When it comes to corporate governance, no topic is more contentious
than the pay of top CEOs.

The debate over whether companies pay their top executives excessively high salaries has been raging for years. Couple this with research from Edelman Trust showing that nearly two-thirds (62%) of the UK public want to see a redress of executive pay, it’s clearly an issue of high relevance.

So, for many, it was encouraging to see latest CIPD figures reveal the median pay of FTSE 100 CEOs actually fell 13% between 2017 and 2018 to £3.46m.

The CIPD’s report on FTSE 100 CEO pay also revealed that some CEOs had
taken a significant pay cut over the year.

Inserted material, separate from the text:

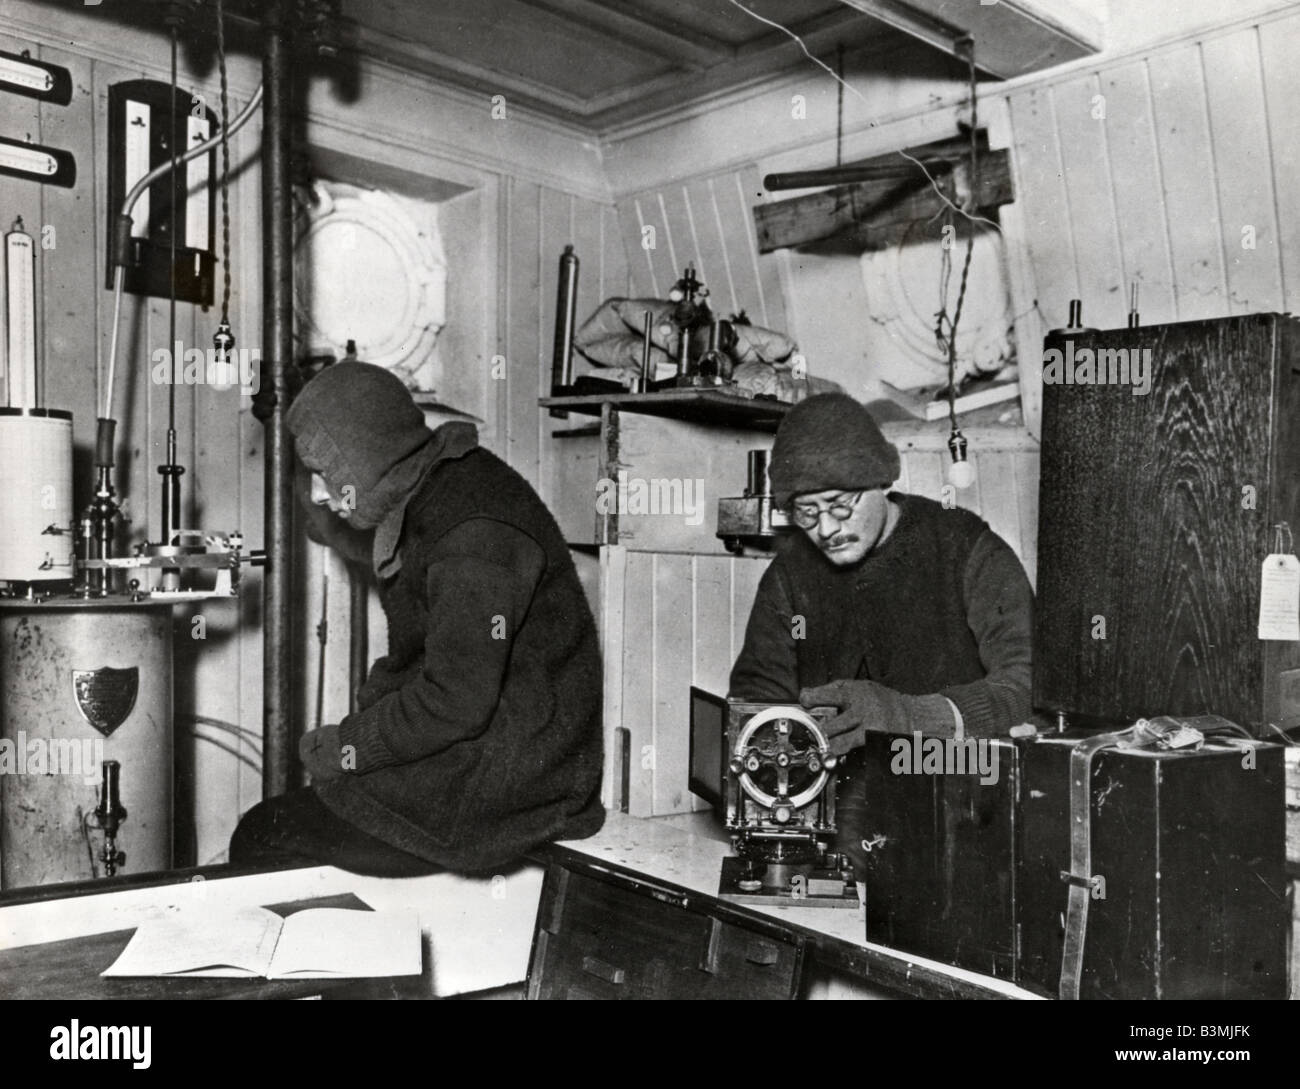 SIR Ernest Shackleton 1914 spedizione in Antartide: all'interno del laboratorio Rockery. Foto Frank Hurley - vedere la descrizione riportata di seguito Foto Stock

Simon Peckham, CEO of Melrose Industries, came under scrutiny in 2017
when he took home a massive £42.76m. However, in 2018, his pay package dropped
by £41m to just over £1m.

But look behind the headline figures, and it becomes clear that we
still have some way to go before we can confidently say executive pay is
witnessing a sea change.

As the CIPD states, CEO pay has been volatile since 2010, so it’s hard
to tell if this is the start of a longer-term downward trend.

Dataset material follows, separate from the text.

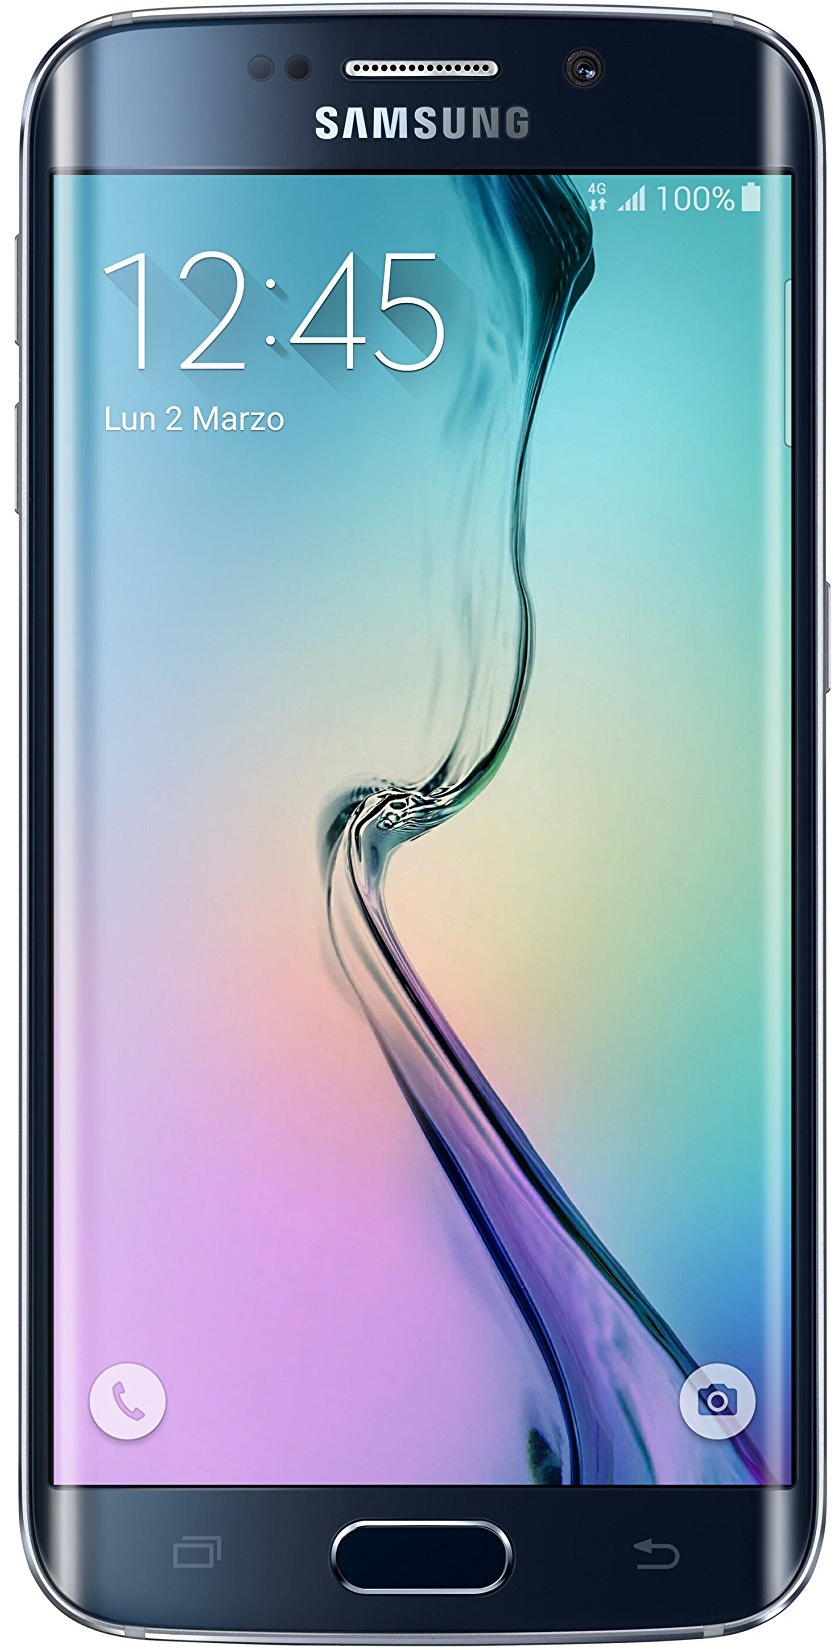 Samsung Galaxy S6 Edge, Smartphone ohne Vertrag, Android, Bildschirm 5,1 Zoll (13 cm), Kamera mit 16 MP, Quad-Core mit 2,1 GHz, 3 GB RAM

The fact remains, while the average pay of FTSE CEOs has gone down – it
is still 144 times higher than the UK median pay of £24,006 for all workers.

And, while Peckham did indeed receive a substantially lower income than
the previous year, this may have more to do with Melrose Industries’ five-year
long-term incentive plan (LTIP) policy, which sees him get high payouts some
years and £1m on average in other years.

The fact also remains that 43 companies increased CEO pay in 2018, with
a number of executives seeing their multi-million pound reward packages more
than double.

Jeff Fairburn, then CEO of Persimmon, retained his title as the highest
paid chief executive, receiving £38.97m in 2018 - down from £45.74m the
previous year. However, this is still 1,318 times the median salary of a
full-time UK worker. Fairburn stepped down as chief executive on 31 December
2018, not before receiving the full value of a 2012 LTIP.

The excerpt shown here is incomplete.